I’ve been reconstructing my life lately. It’s something I’ve done once or twice before, but on those occasions it was caused by dissatisfaction with what had gone before. Now it’s because it’s really necessary. Like when you’re living in a house and, maybe because you haven’t been looking after it properly, you suddenly realize that it’s not actually a structurally complete house any more, but is actually something of a ruin, maybe even just a pile of rubble. If you were more observant than me then you’d probably have noticed the state of your house sooner, but if not, then you’d certainly acknowledge that now it needs a bit of rebuilding.
I suppose if you’re of an optimistic persuasion then you’d view that rebuilding project with excitement, thinking about how your dream home could be realized at last. If, on the other hand, you’re like me, then you’d probably be wondering where you can find anything to build with, anything at all, and what you could possibly make with it that would have any chance of giving some shelter.
Without consciously entering into that process too much I seem to have arrived at the decision that music should be a key part of this house. This decision, though taken with little consciousness, was based on what parts of the old house seemed to be most solid, and most to my taste, unlike, say, the furnishings installed by previous owners and merely inherited, reluctantly, by me.

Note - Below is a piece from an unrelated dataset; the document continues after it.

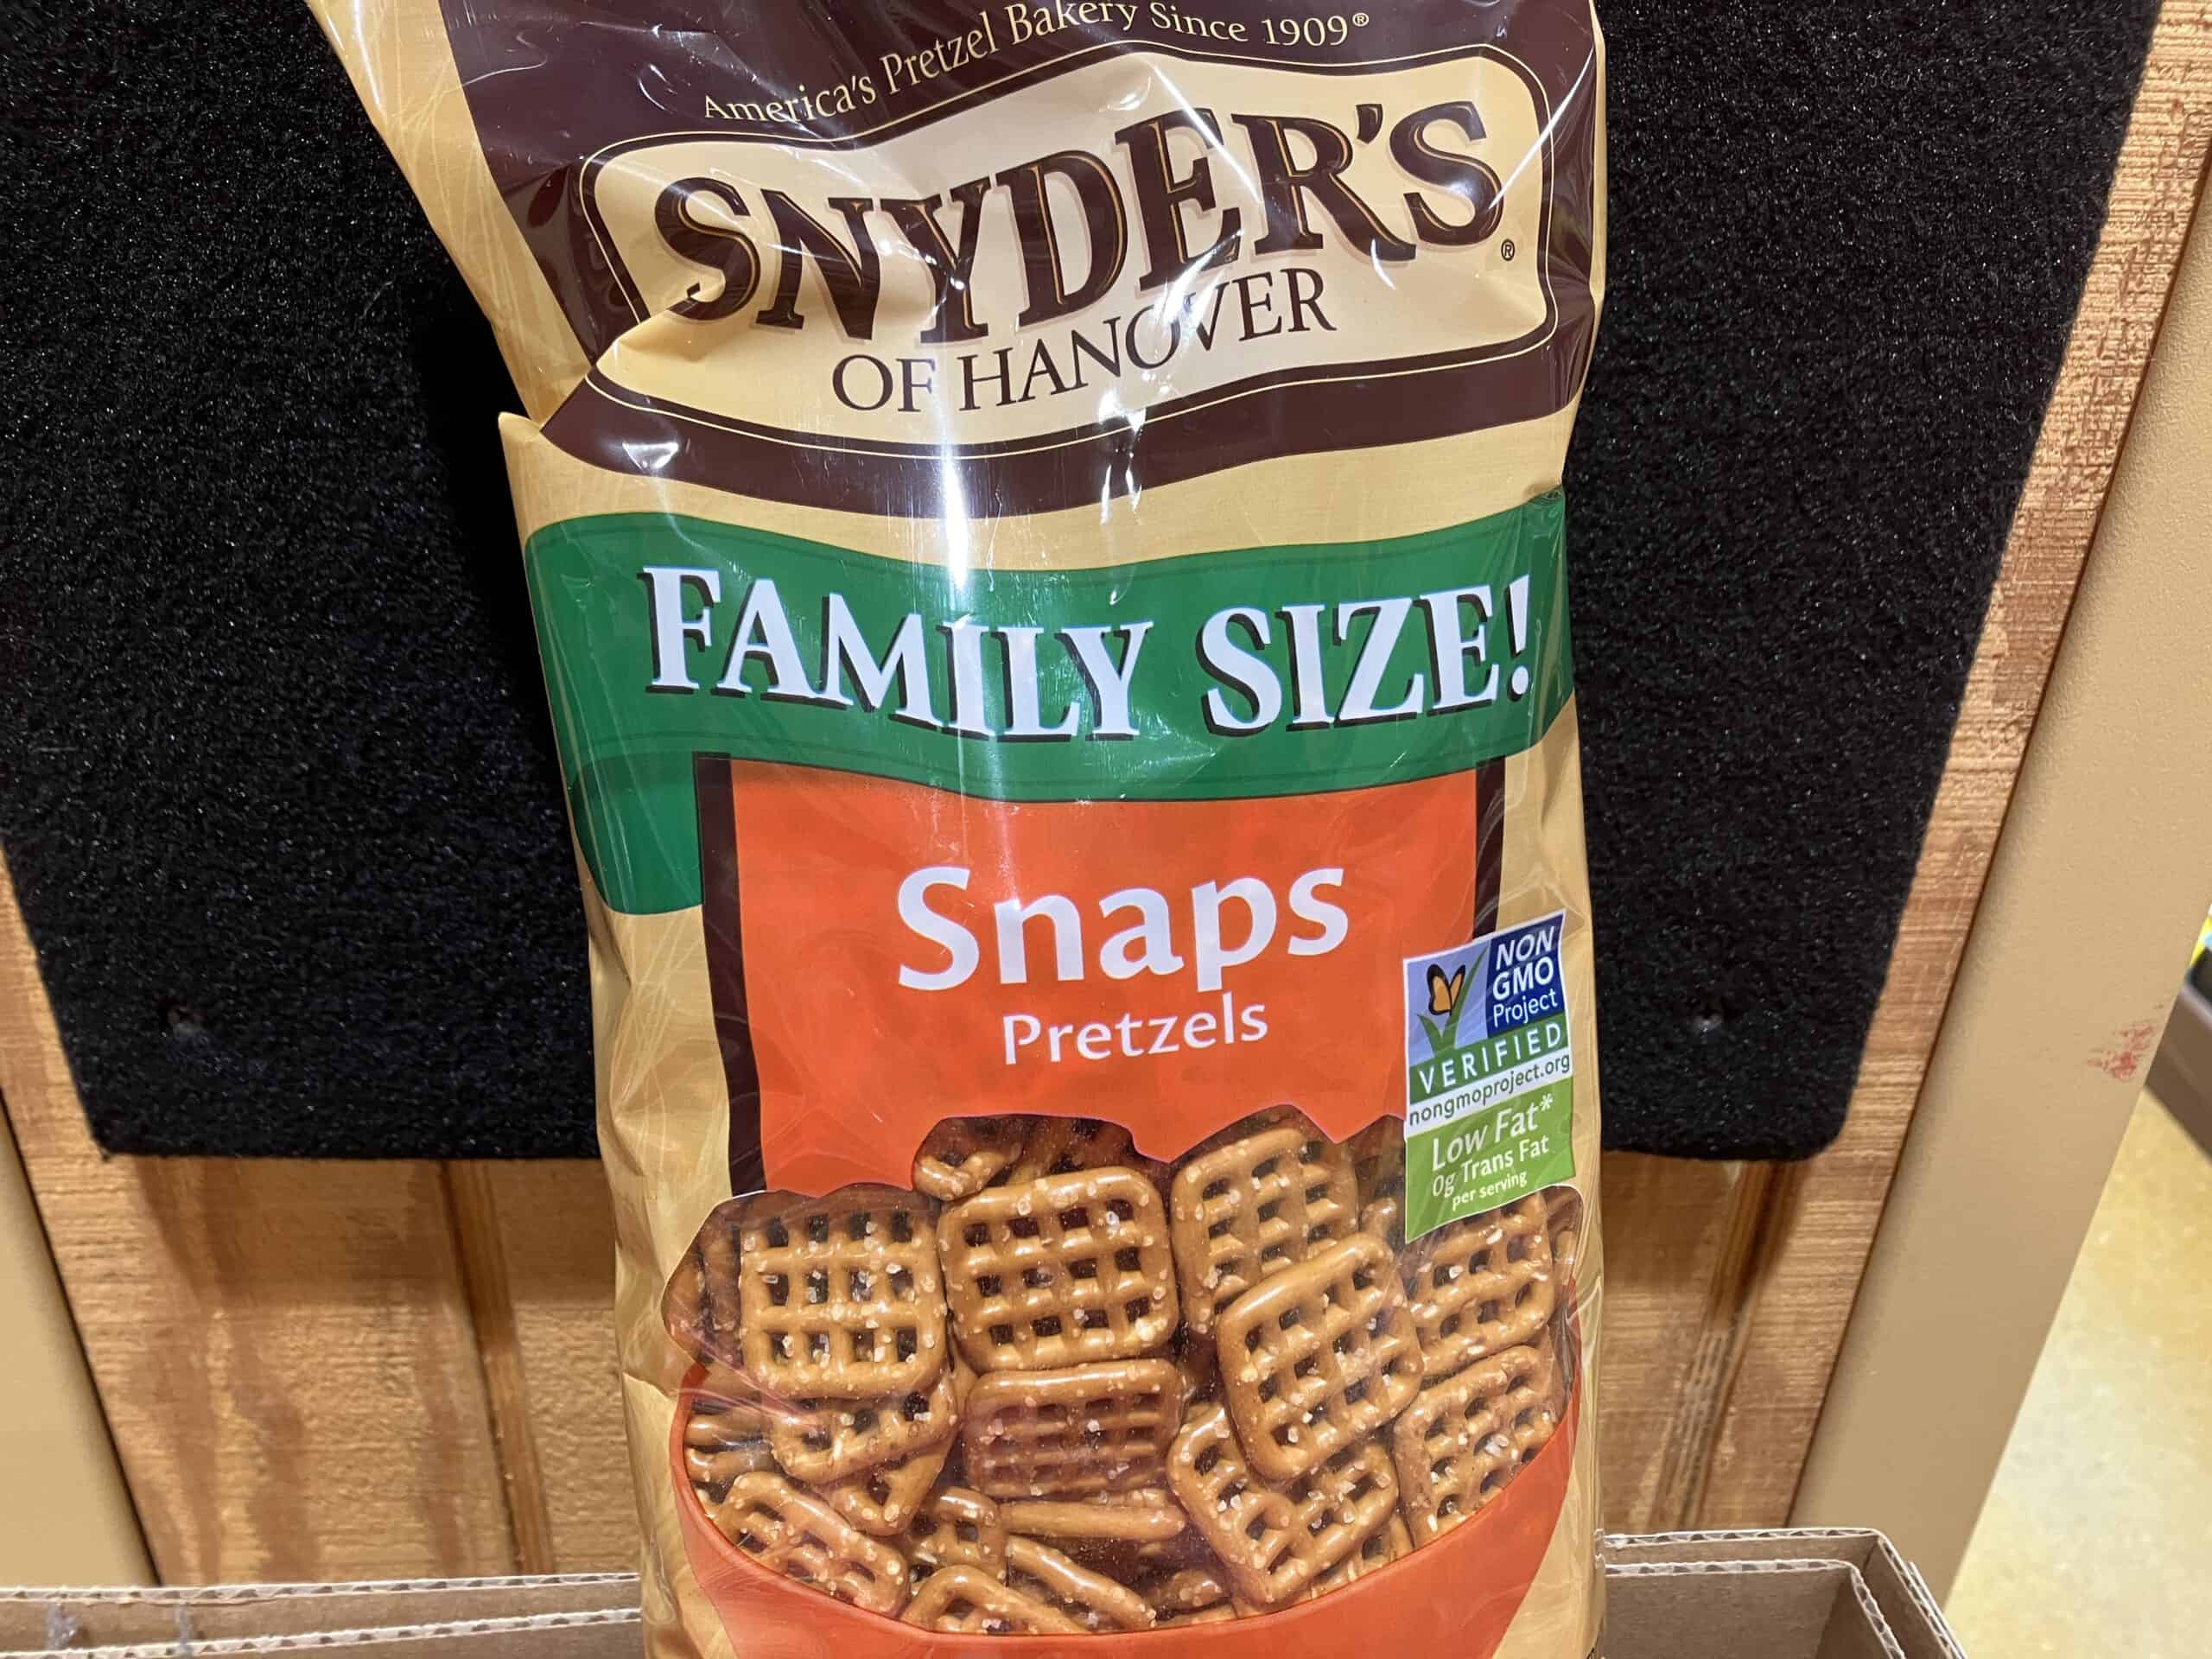 Snyder's of Hanover Snaps pretzels

I suppose I knew that music had been a key part of a previous rebuilding process. Learning the guitar was an essential part of one of my earlier reconstructions, and one that I was pleased with. Tracing further back, although memories are getting very blurry, I can recall that listening to a walkman (cassette-based, of course, we are talking in geological timescales here) was a significant part of earlier, less comprehensive, reconstruction work. I am aware of some of the details that went with that walkman (I could tell you it’s colour, brand, which shop (no longer extant desde hace siglos) I bought it from, it’s price, and how I came to have that money, I could tell you about its silver plastic case with the blue velveteen lining, trust me, I could go on and on). But I had never really dug further back to find out why I wanted a walkman. “Find out” is obviously the wrong term, since I must once have known this. But that knowledge is locked in a person that I don’t think of as myself, so the me I am now really has to discover this as a genuinely new piece of information.
And the discovery process makes me recall that I acquired a radio. It was some kind of swap with a school mate, though I can’t recall what I parted with in exchange for it. What I can recall was the feeling that it set me apart. Not that I was special because of having a radio, and certainly not unique. But I listened to it alone, in my room, and for a long time never discussed with anyone what I listened to. In fact I’m not sure there are many people yet who know of the number of times I heard “Boy named Sue”, “Nutbush city limits” or “Cleaning windows” on a Saturday morning with Dave Cash. But in that solitude something spoke to me. I’d never really been exposed to much music before, but the radio gave me the opportunity and started something that is still going on.
So I can trace it all back to that radio. And I can say that the radio came to me by pure chance randomness, and therefore that’s an end to the story. Except it’s not, is it. I could have listened to the radio and been untouched by it. But no, the radio’s seed fell on fertile ground. So the next question I have to tackle is what made me so vulnerable to music. Hmmmm. I’ll probably get back with an answer in the next 10 or 15 years.
have been undertaking a similar process for awhile now. however for myself, rather than being a rebuilding project, i think i just woke up one morning, looked around me and realised “danm it. i’m in the wrong house!” because what had happened was not a gradual deterioration of the interior design. essentially what had happened was that i walked out of my house having left all of my luggage behind, stepped onto a plane, and never went back to the original house. at the same time, i simply walked into a new and empty house, and have been there ever since cluttering the place up! but now i’m realising that i actually *liked* some of my old stuff. the conundrum is how to weed out the essentials from both places and marry them together in the same living space, so to speak. why do you think that i’ve become so obsessed with photography and other things like the hammered dulcimer recently? (though not simultaneously, of course, um…)
allow yourself to find a bit of excitement in the rebuilding project. because old radios are very cool, and your new refurbishment is going to have one.